There is a very real perception that medicine can fix poor health choices and we should spend arbitrarily large amounts of money to fix it. It's a fantastic business to be in -- people insist "healthcare is a human right" and are willing to tax others to pay it.

Look at the ratios though. US spending is about double in every age bracket. The really isn't anything special about the over 65 group.
Age 65+ is roughly 17% of pop and accounts for 37% of all spending. It's quite literally the place to focus on cost savings.
You can't genuinely believe that the reason that the 65+yo group costs more is the social safety net?

As you get older, you start to experience more adverse health affects. You start to need medical attention more. Especially if you've been denied healthcare for the first 65 years.

> I really think people underestimate just how generous (high cost) the "social safety net" is, and have a grass-is-greener view towards other countries healthcare systems for people currently working.

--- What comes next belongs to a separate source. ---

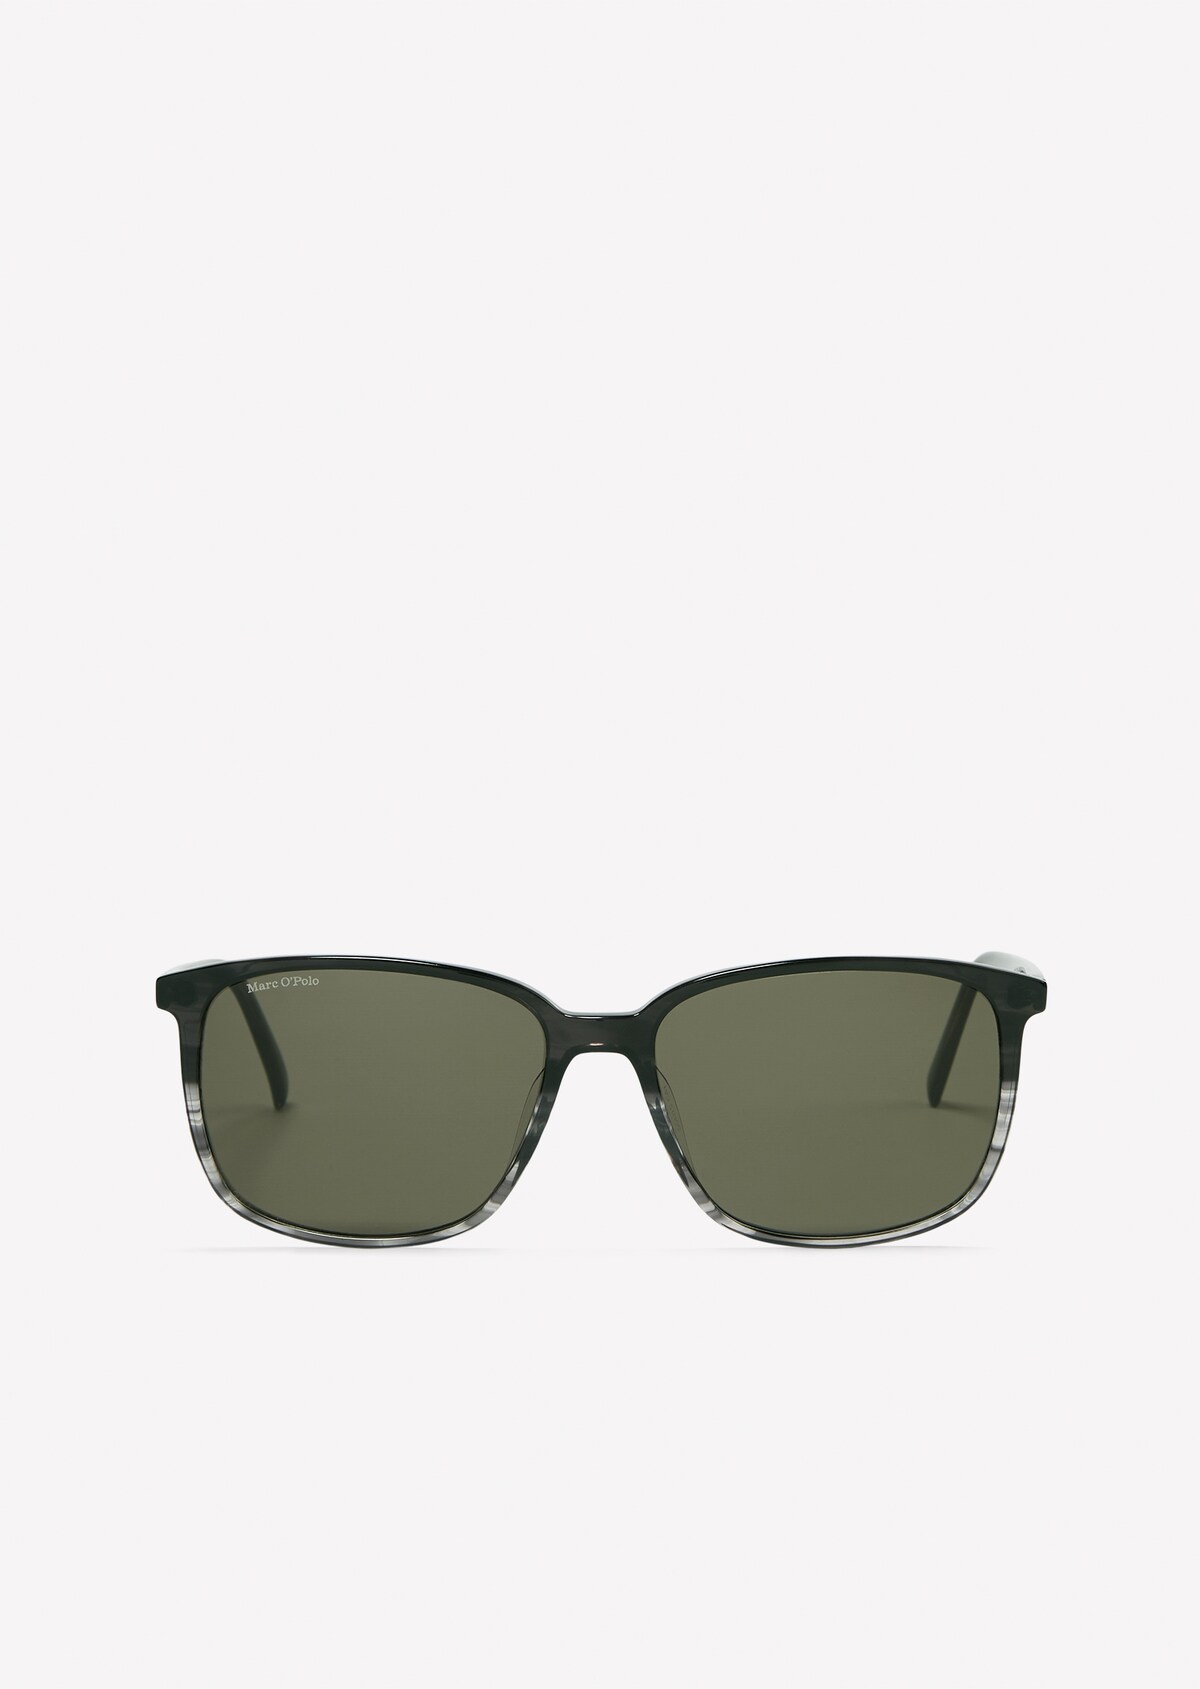 Herren-Sonnenbrille im Klassik-Look - schwarz

Well I think you misrepresent that greener grass is greener. Other countries literally live longer and healthier when they have socialized healthcare. It's a pretty easy metric to track, and pretty straightforward. Do you want the general population to live longer? Do you want the general population to be healthier? Do you want the general population to be saddled with crippling medical debt? Sometimes the grass is greener. And we have the data to prove it.

In the link you shared, other social-safety-net countries had lower spend per capita. They have a better social safety net. So how can that be the issue?

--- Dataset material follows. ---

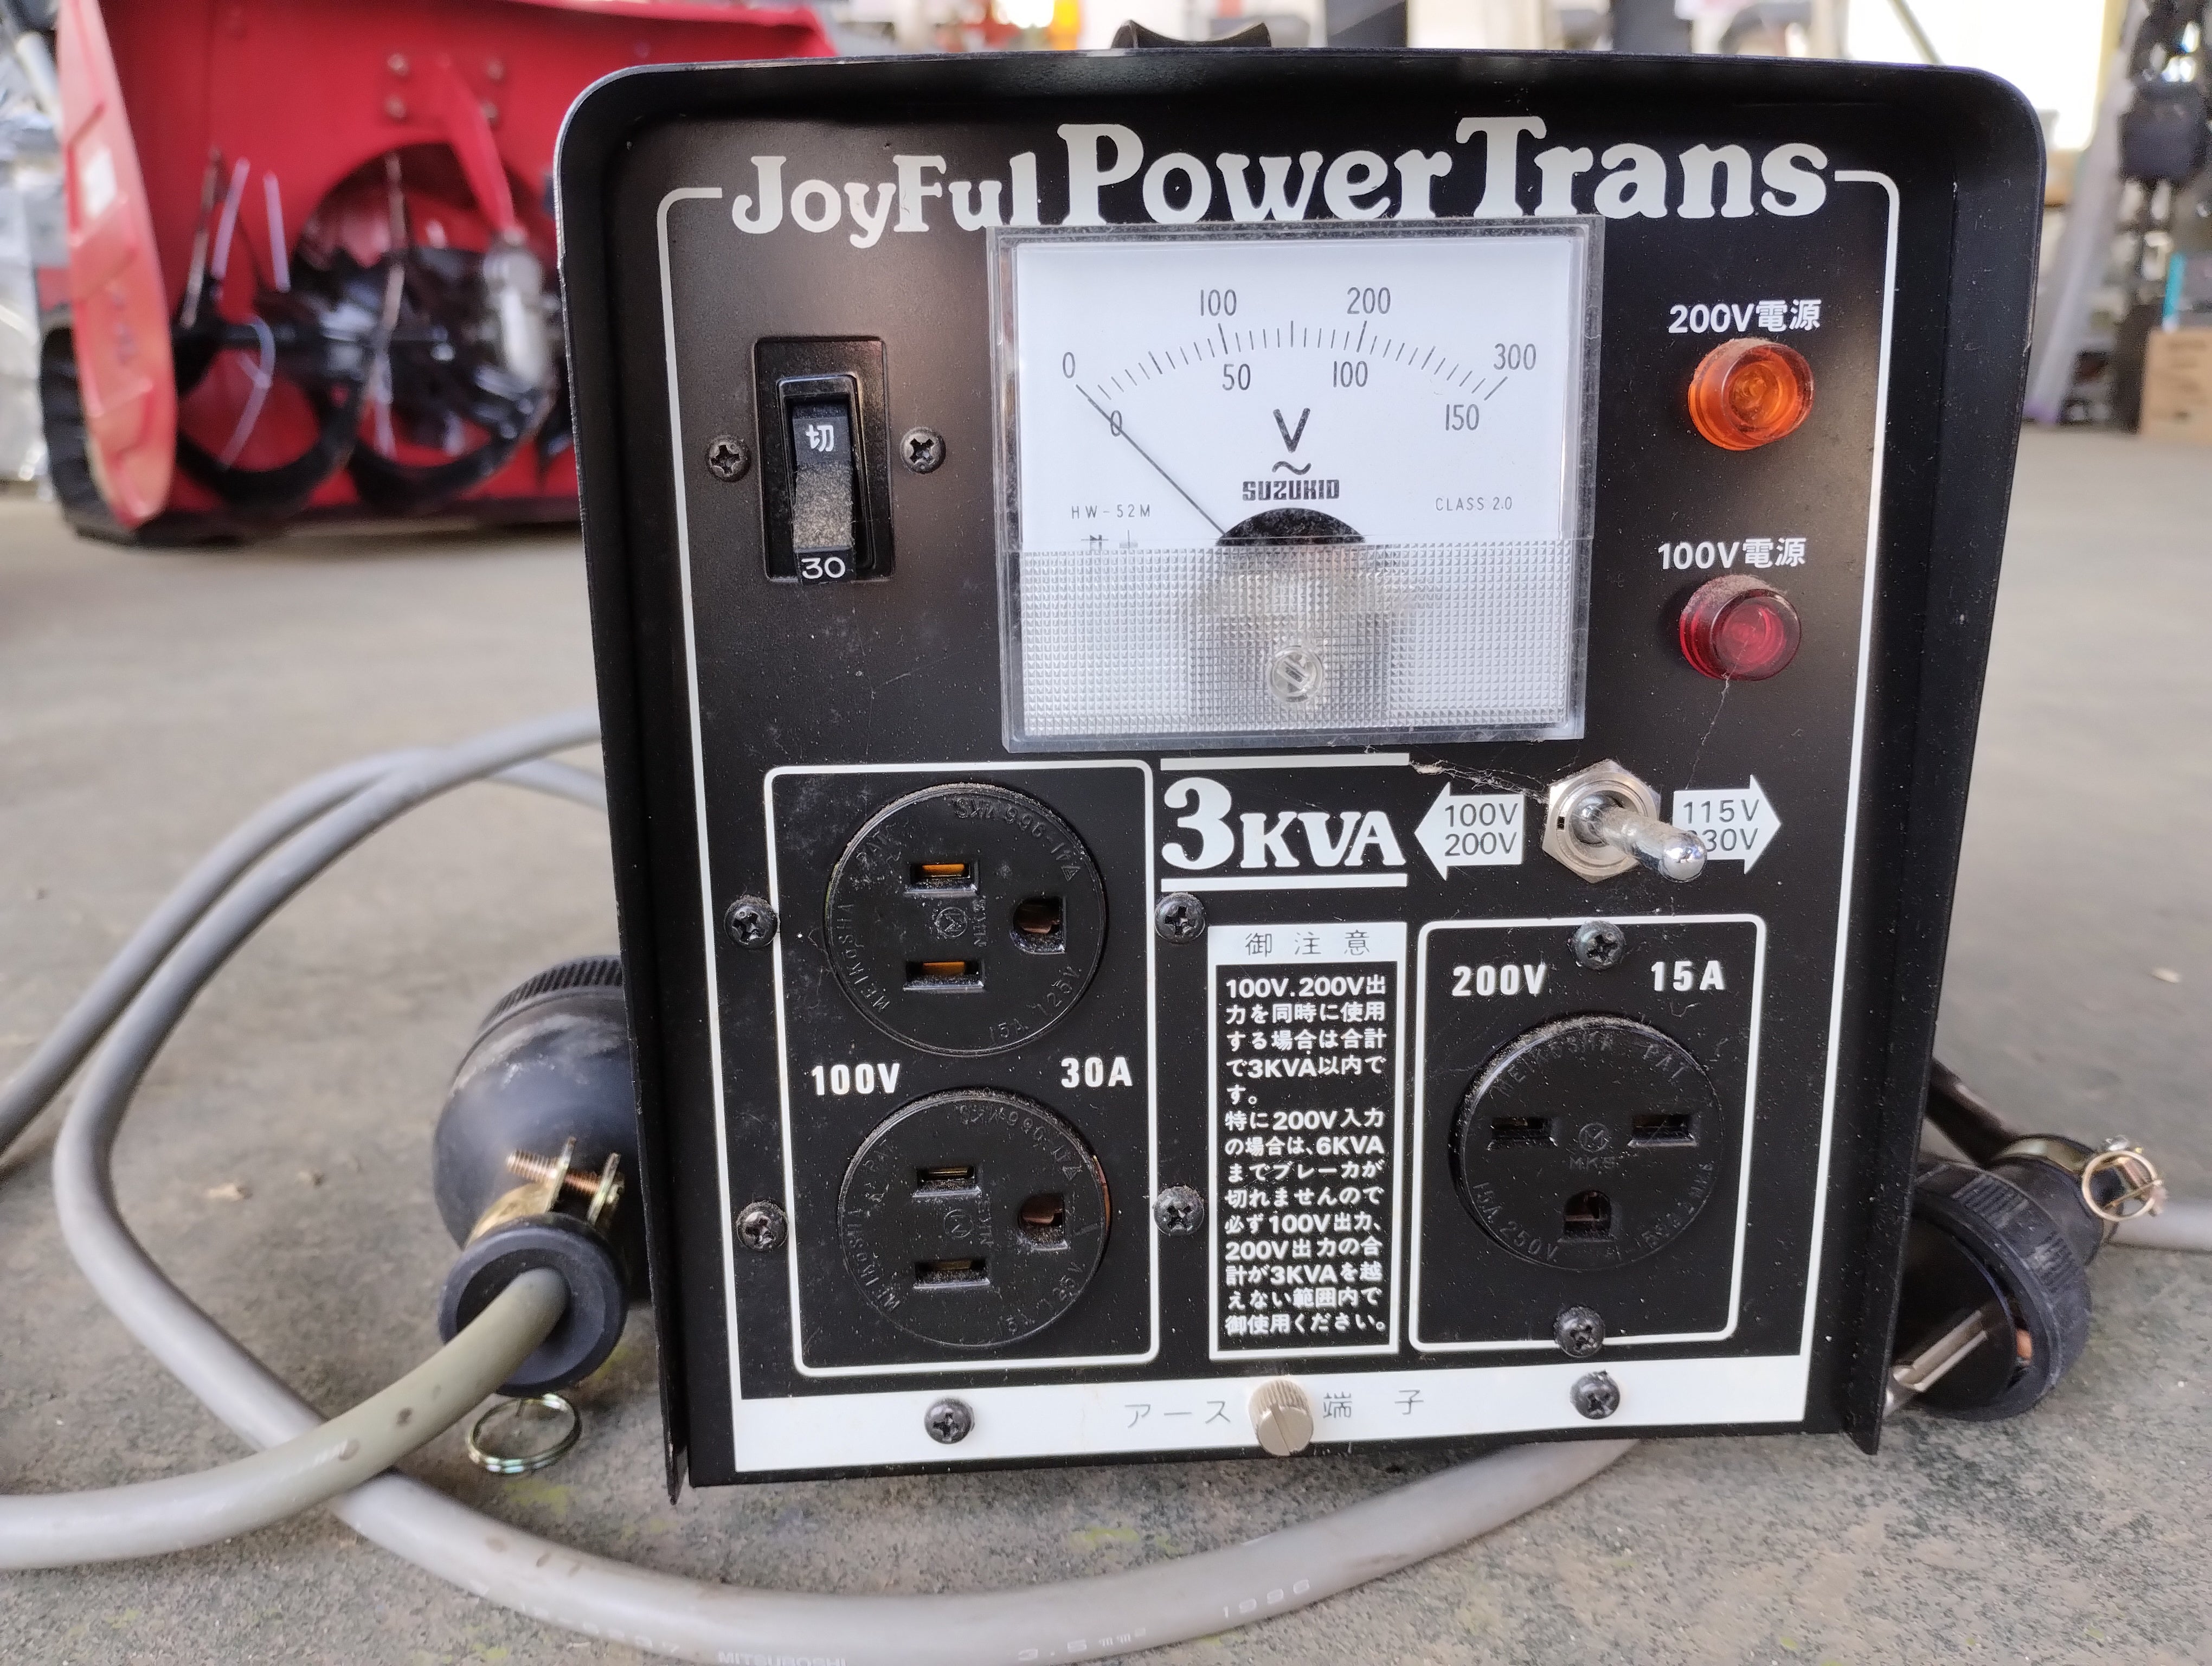 ホビー・楽器・アートjoyful power trans 変圧器 JPT-30型 - DJ機材

At least you're honest that you own a health-insurance business and you're biased. A single-payer system would destroy your income, and I guess that's pretty scary, so it's in your best interest to fear-monger.

> As you get older, you start to experience more adverse health affects. You start to need medical attention more. Especially if you've been denied healthcare for the first 65 years.

Sort of: as you get older, time catches up to you. In the USA for, heart disease kills 1015/100k for both genders (see: https://usafacts.org/articles/what-are-the-top-causes-of-dea... in Germany, it is just 673/100k for just men alone. We have an obesity problem, not a healthcare problem, when it comes to life expectancy.

> Well I think you misrepresent that greener grass is greener. Other countries literally live longer and healthier when they have socialized healthcare. It's a pretty easy metric to track, and pretty straightforward. Do you want the general population to live longer? Do you want the general population to be healthier? Do you want the general population to be saddled with crippling medical debt? Sometimes the grass is greener. And we have the data to prove it.

The question here is QALYS. We quite literally avoid this discussion in the US at all (see this: https://pubmed.ncbi.nlm.nih.gov/19738253/). The issue isn't that we disagree about the issues: it's that the issues are not addressed and Americans pretty much always say "spend more".

Europe has already begun rationing, by the way (see this: https://pmc.ncbi.nlm.nih.gov/articles/PMC1831659/#:~:text=Be....) It's not as though it doesn't already occur; we simply choose to blame insurance companies instead of a national system.

> In the link you shared, other social-safety-net countries had lower spend per capita. They have a better social safety net. So how can that be the issue?

Healthier populations. Americans make awful health choices.

> At least you're honest that you own a health-insurance business and you're biased. A single-payer system would destroy your income, and I guess that's pretty scary, so it's in your best interest to fear-monger.

Not really. Margin shifts along value chains; it's rarely destroyed. All that would happen is the profits would shift to another location. Then the game becomes how to get there.